Ghosts in the Wiring

“I didn’t believe in the paranormal before, but ever since purchasing this car, strange things have been happening,” the driver said, obviously not wanting to be identified. “My wife complained of hearing strange noises, like crumpling paper, coming from the back seat about a month ago.”

The 2016 Regal had been in the shop on numerous occasions for a myriad of electrical conditions and multiple components had been replaced. “The door locks would cycle at times, sometimes the car wouldn’t start, and sometimes the radio would decide to play on its own,” the owner said, as I looked at the repair orders. The radio was replaced, the human machine interface module and the body control module.

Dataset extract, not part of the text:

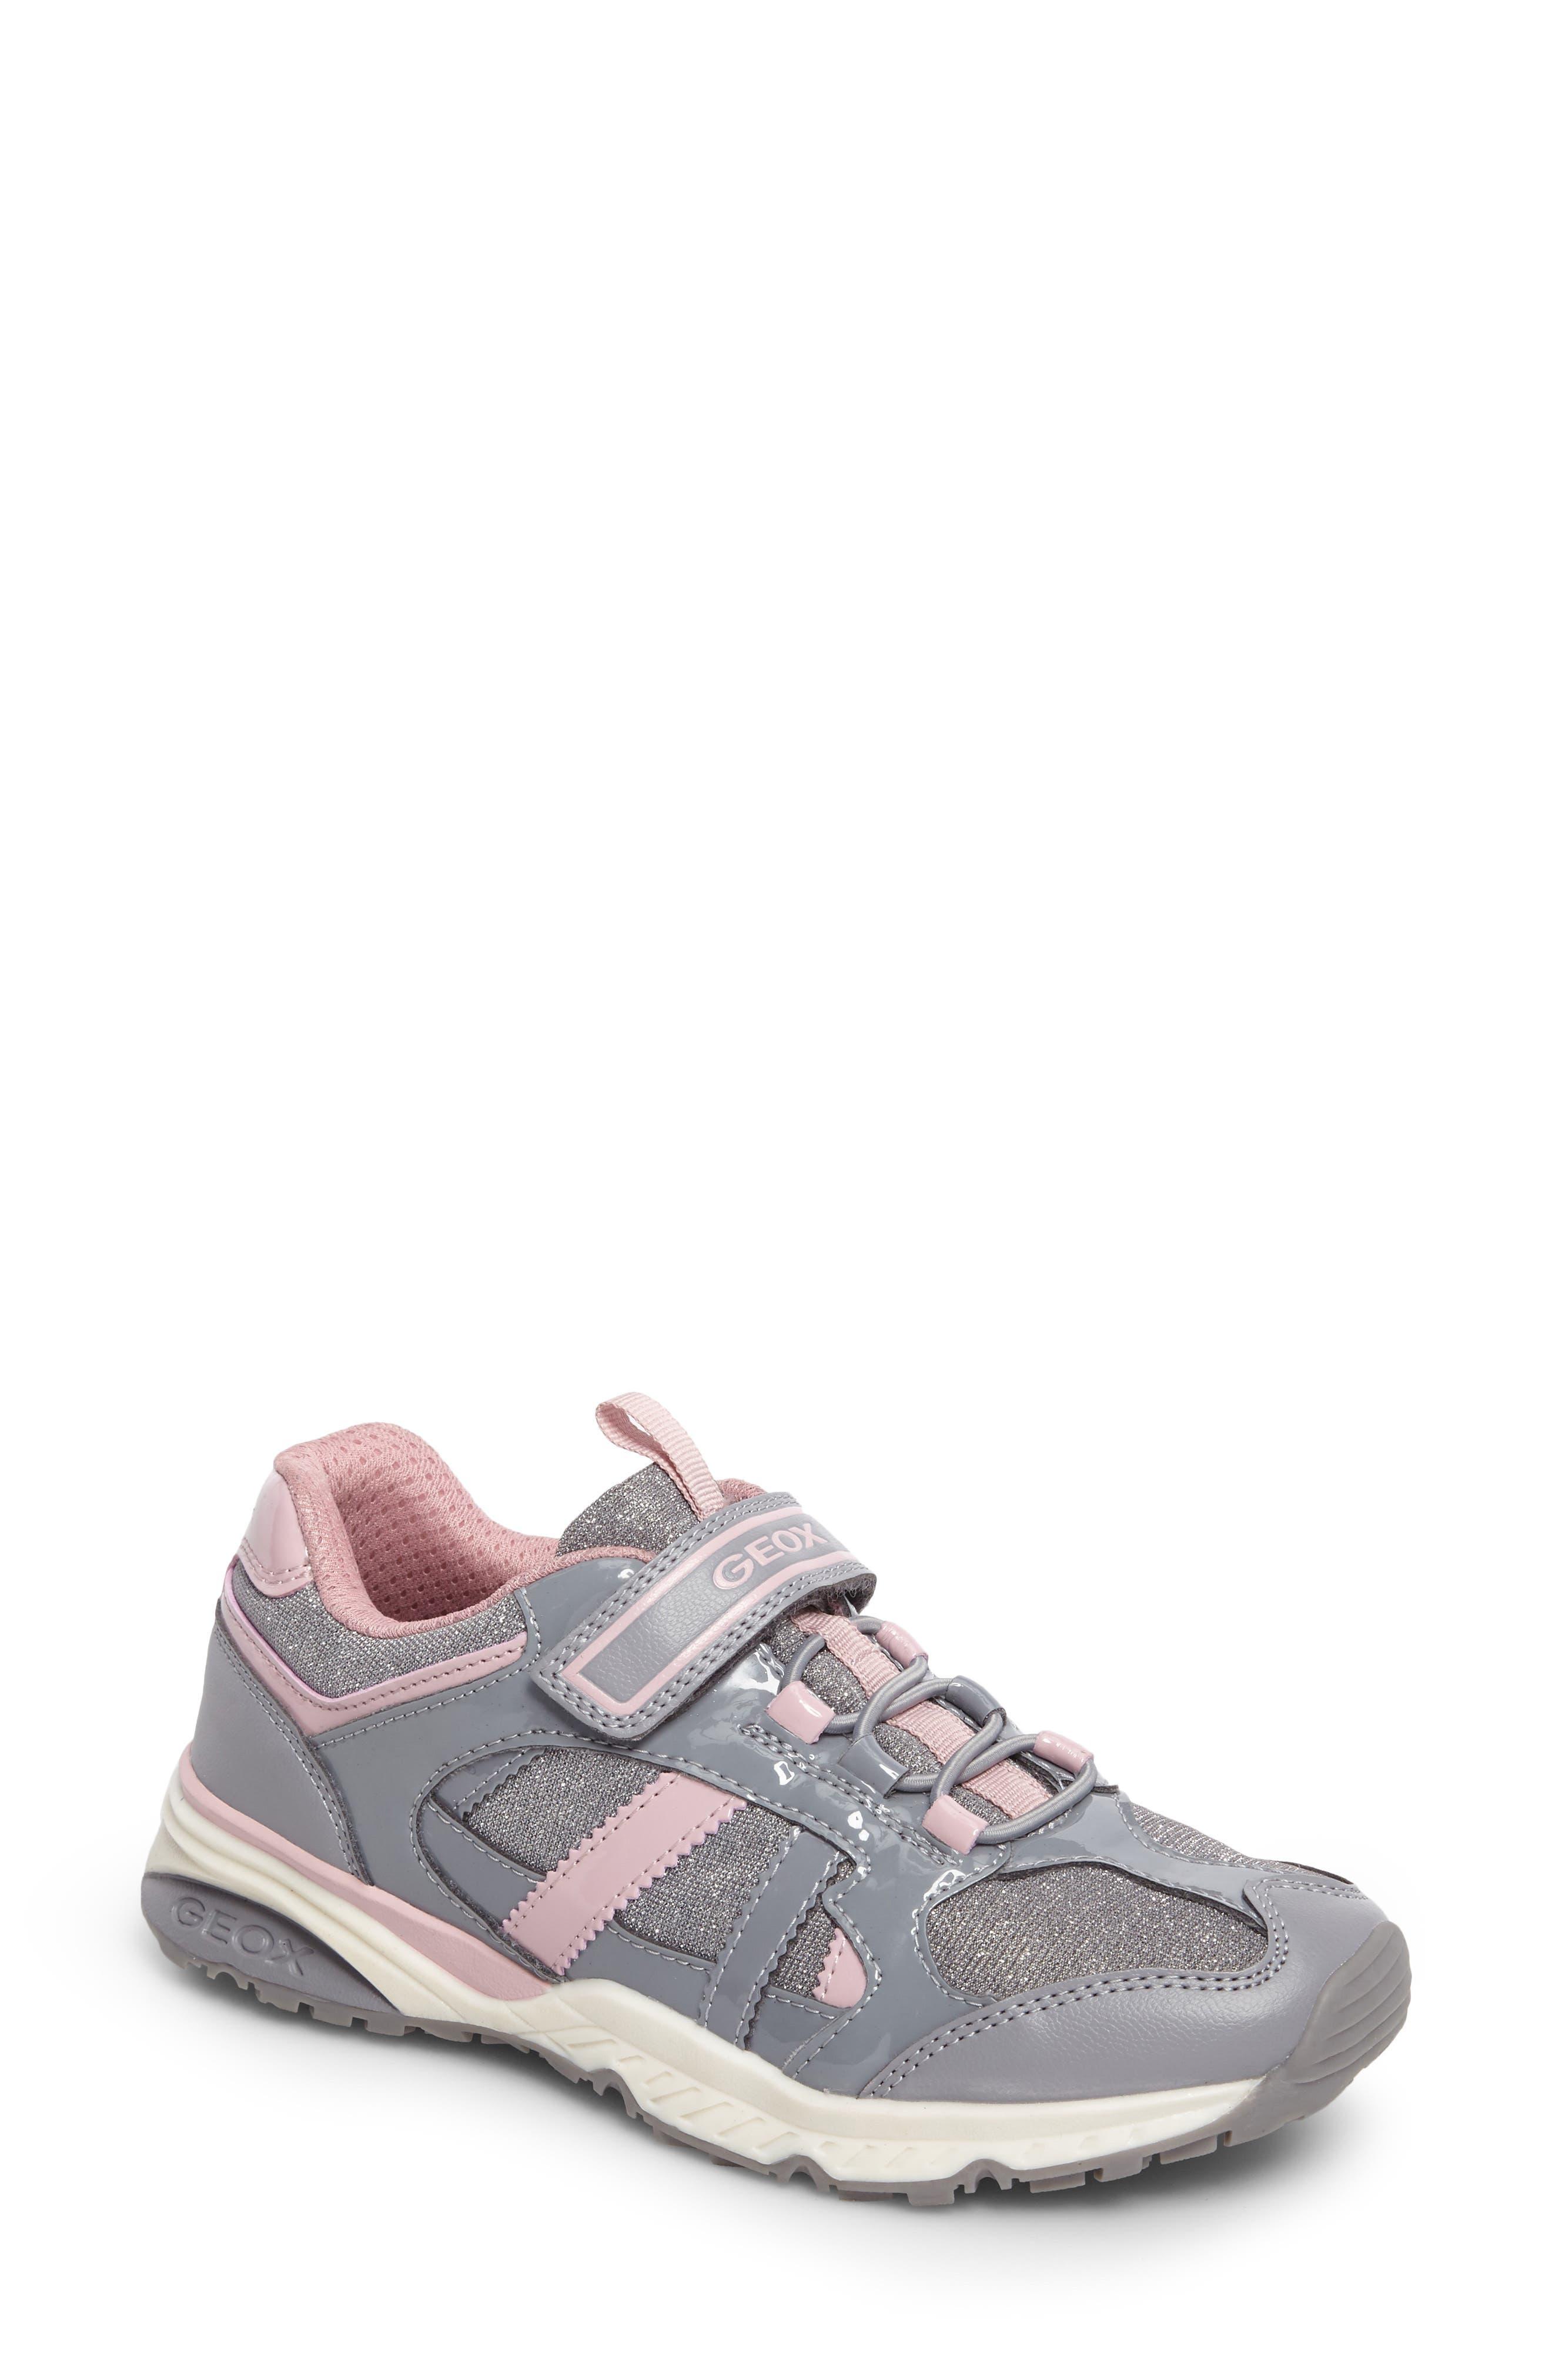 Bernie Sneaker,                             Main thumbnail 1, color,                             020
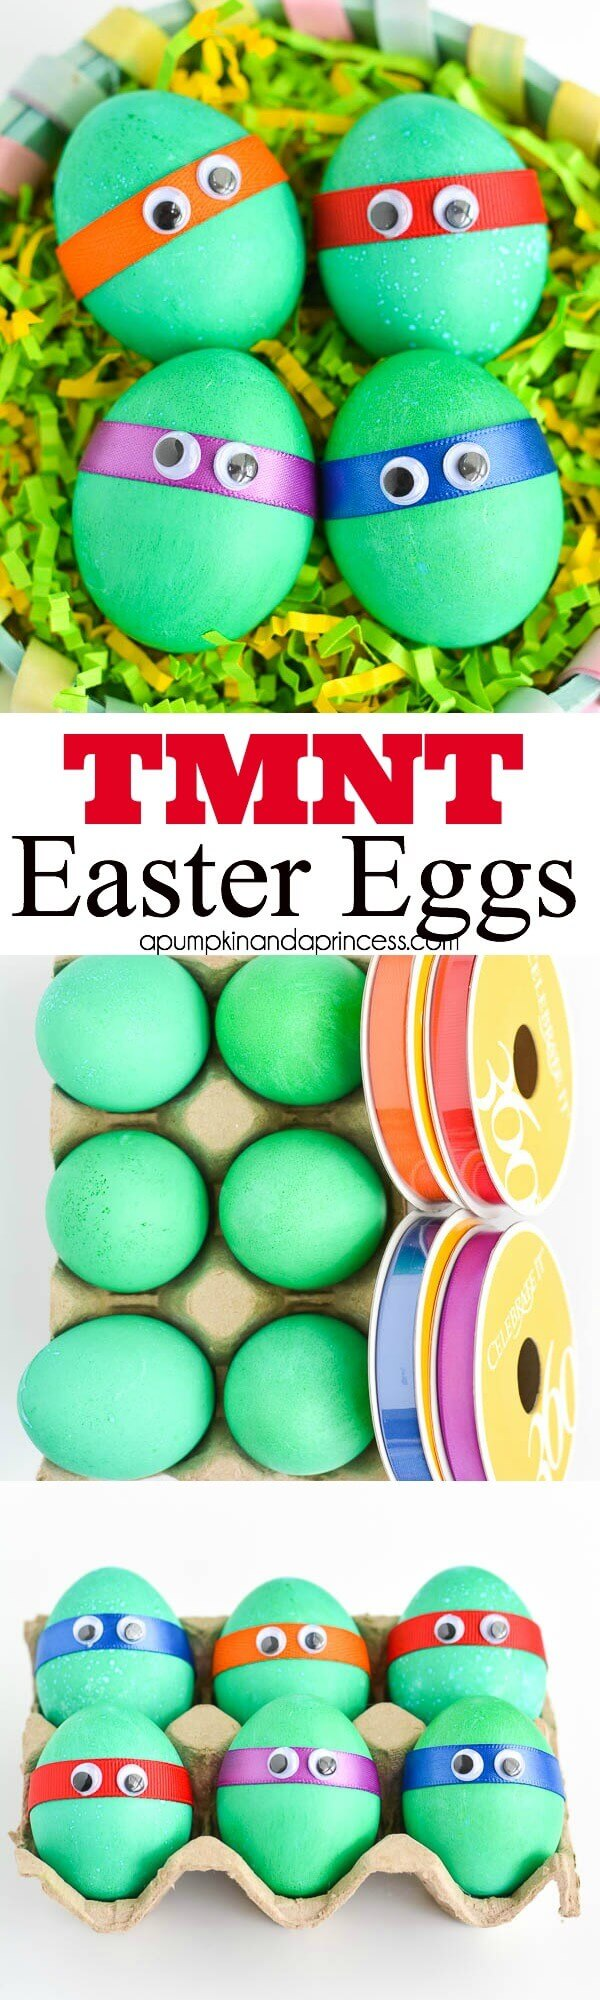 Teenage Mutant Ninja Turtle-themed Easter eggs are easy and fun

There were no bulletins or other documents relating to known problems. There were no modifications, no aftermarket equipment and no other work history prior to the dealer. I found a U0029 (MOST Bus Performance) DTC and a U0001 (High Speed CAN Malfunction).

“There were a bunch of other codes, but I cleared them before you got here,” Tim said. Unfortunately, he did not write them down.

I performed a visual inspection and checked the power distribution components—all were okay. When nothing obvious shows up, I look for the not-so-obvious. I broke out my inspection camera and inside the dash I spotted signs of rodent intrusion. Wires were chewed. Years ago, vehicles were made from metal, glass and plastic and 100% of it was made from petroleum. These days, with “green manufacturing,” cars are made from soy, peanut oil, rice husks and other tasty morsels for critters. In the early 1940s, Henry Ford experimented with making plastic parts for automobiles. These experiments resulted in what was described as a "plastic car made from soybeans." Could you imagine how many toothsome rodents would have loved this car?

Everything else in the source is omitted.